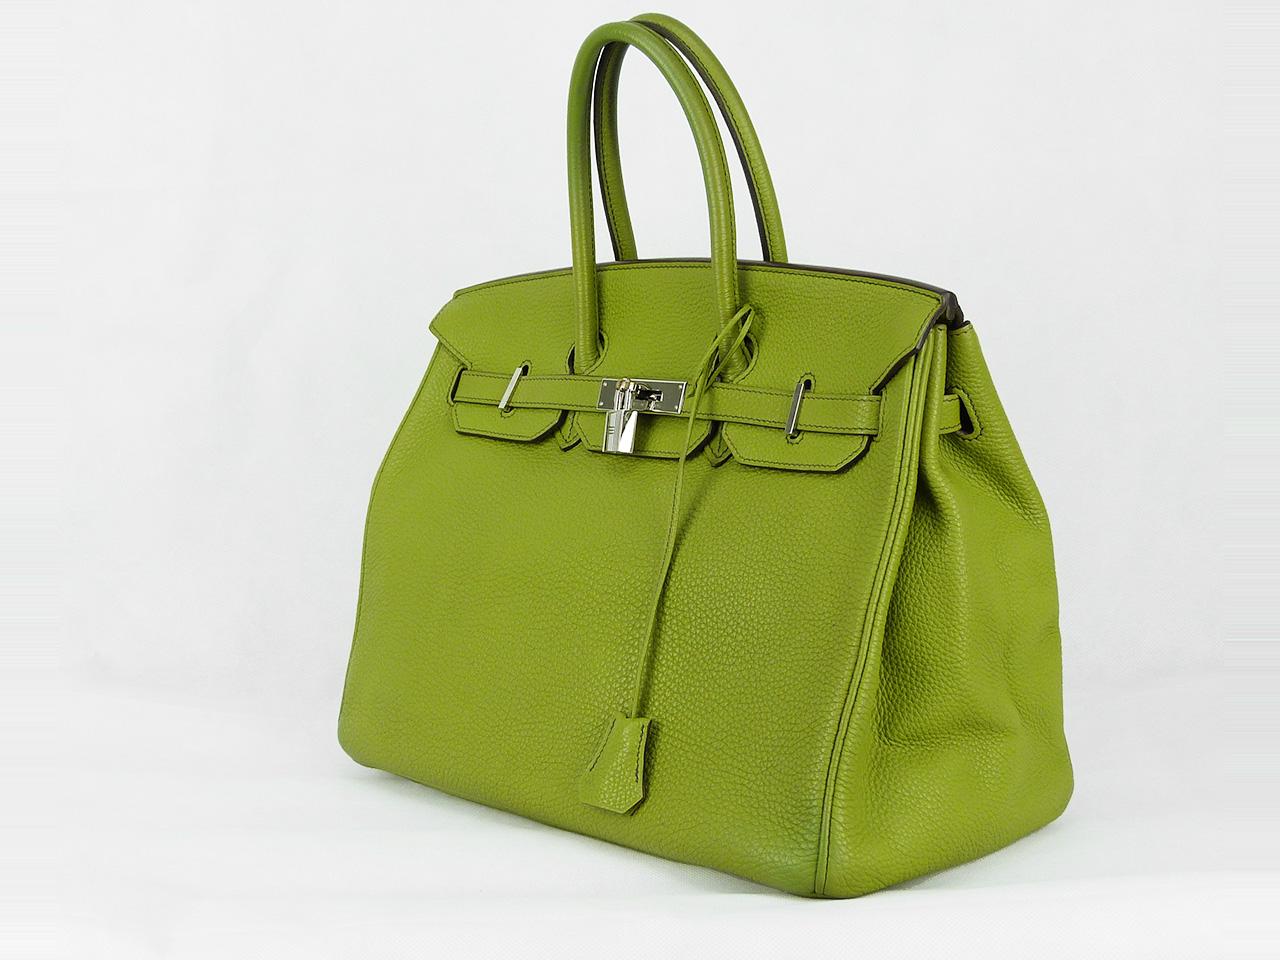 Sac à main Hermès Birkin 35 Authentique d'occasion en cuir togo couleur estivale vert
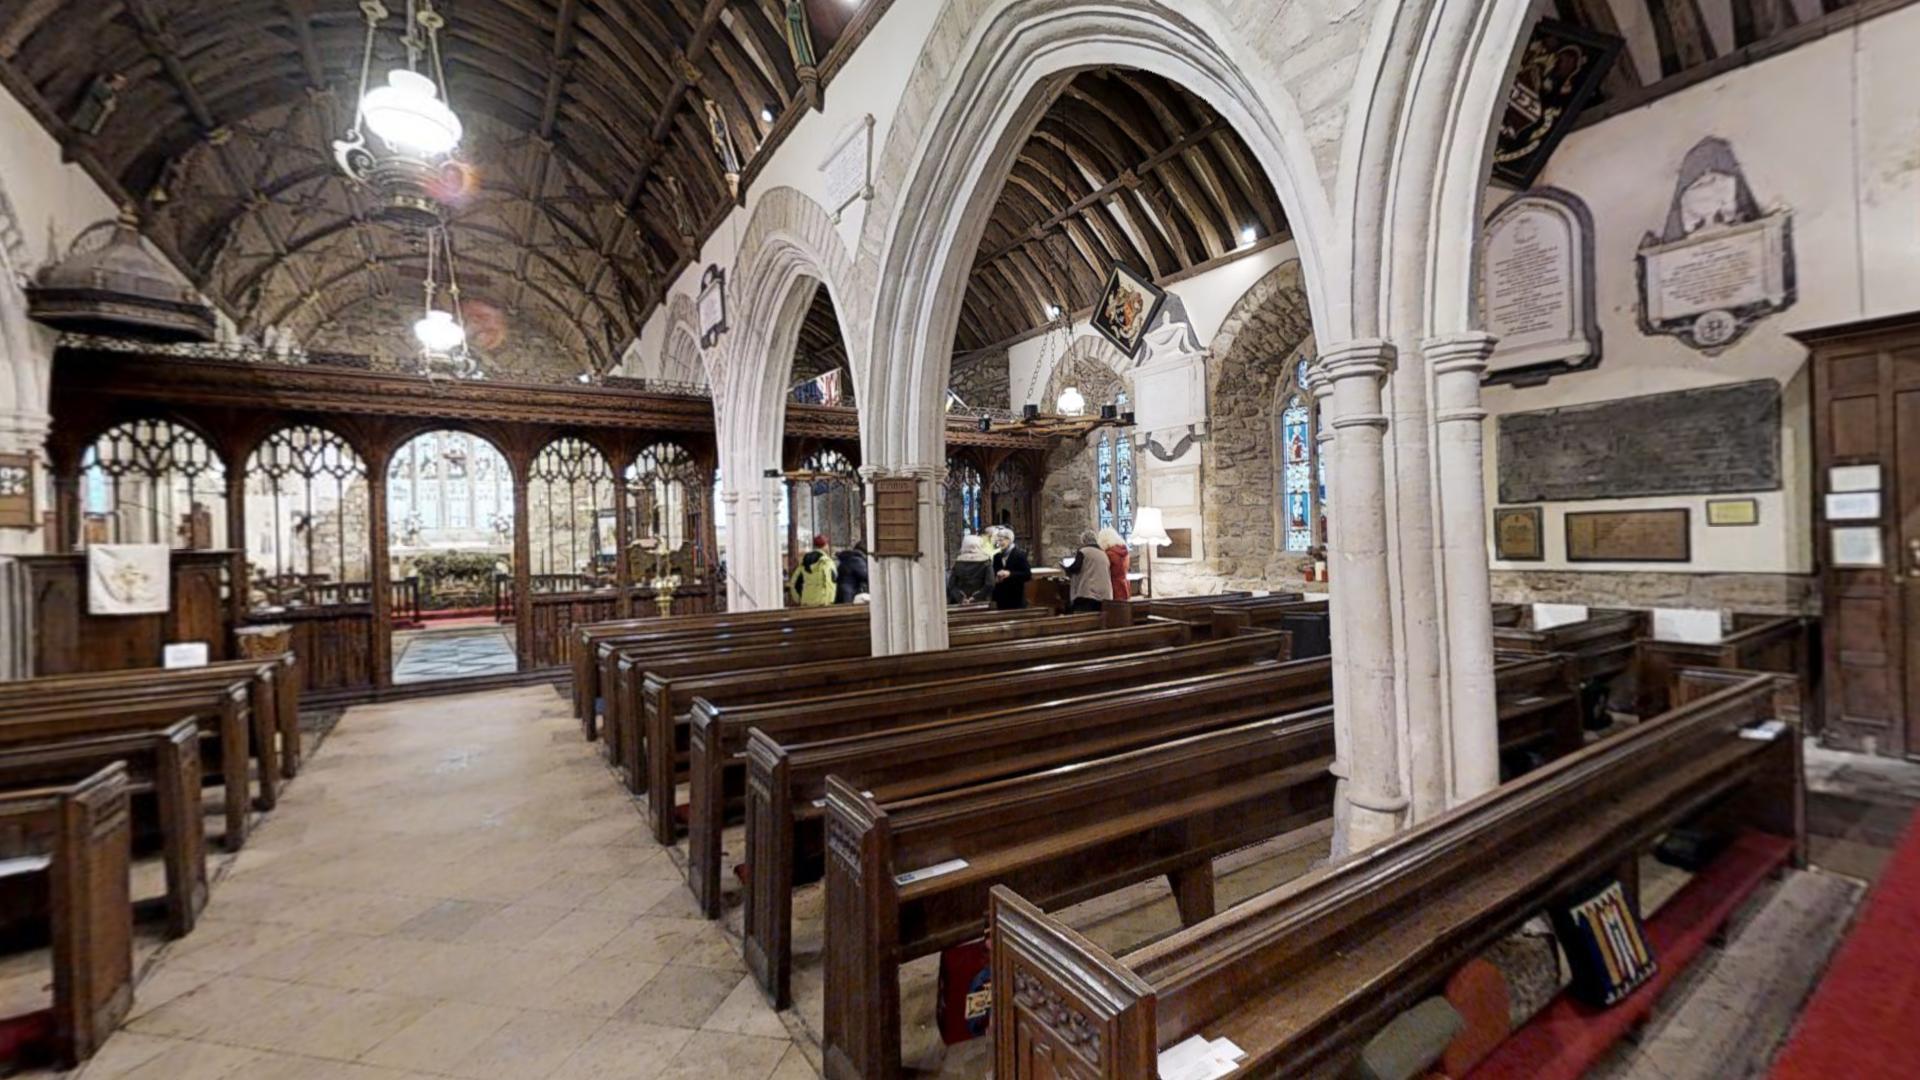 St. Maddern's Church
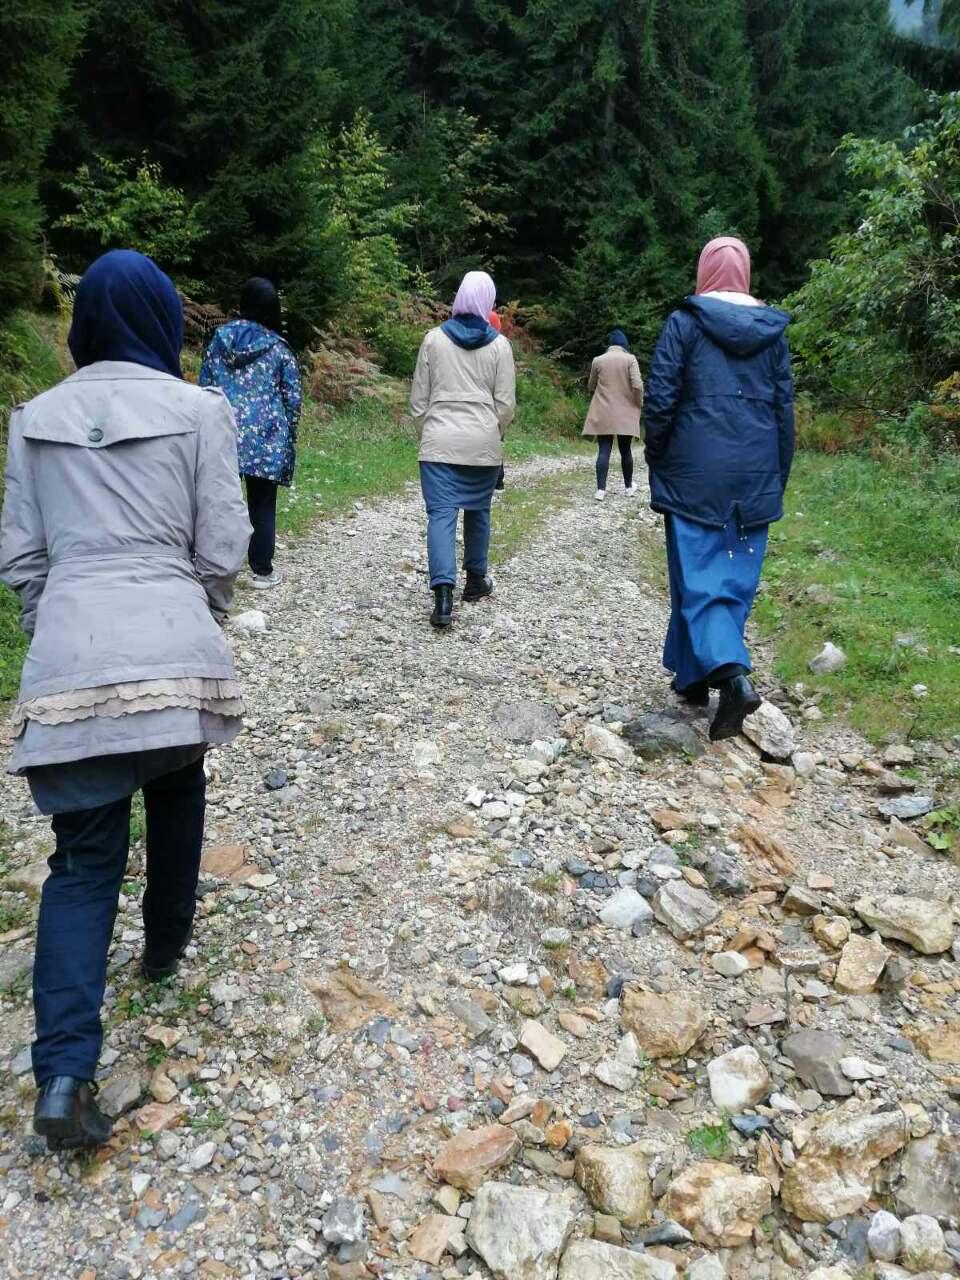 Trening o vrsnjackom mentorstvu Fondacije Izvor nade, boravak u prirodi 2019.
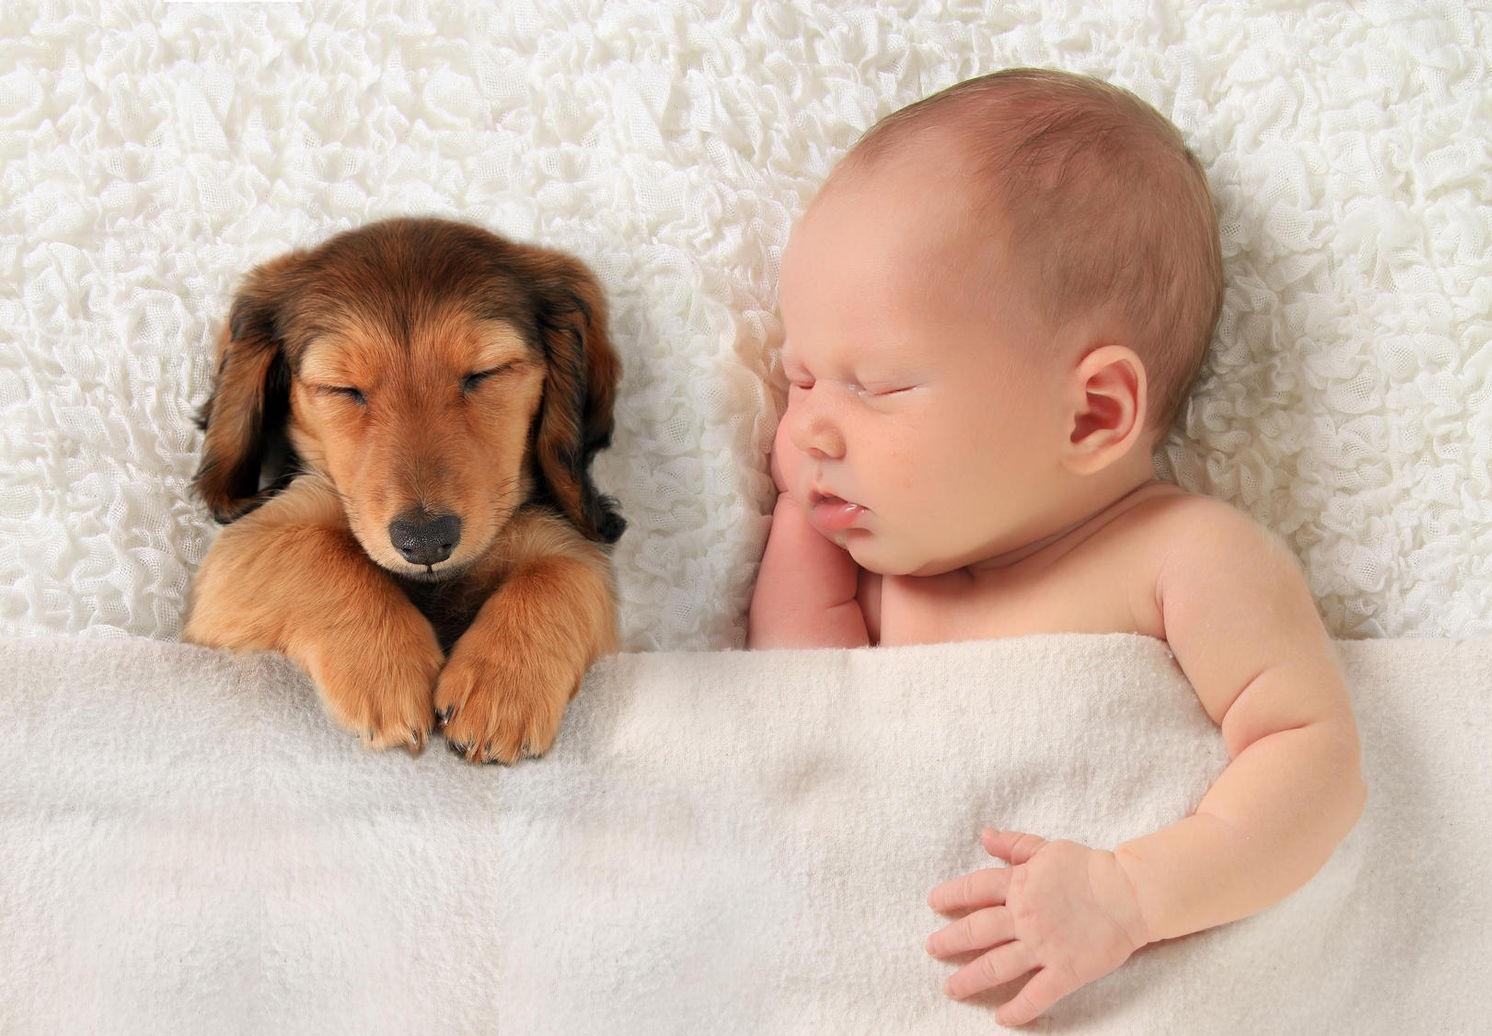 Cum influenteaza cainii starea de sanatate a copiilor mici

**Task directions:** Starting with the top line, write out all the data above exactly; keep the pictures out.

**Expected answer:**
 Sac à main Hermès Birkin 35 Authentique d'occasion en cuir togo couleur estivale vert
 St. Maddern's Church
 Trening o vrsnjackom mentorstvu Fondacije Izvor nade, boravak u prirodi 2019.
 Cum influenteaza cainii starea de sanatate a copiilor mici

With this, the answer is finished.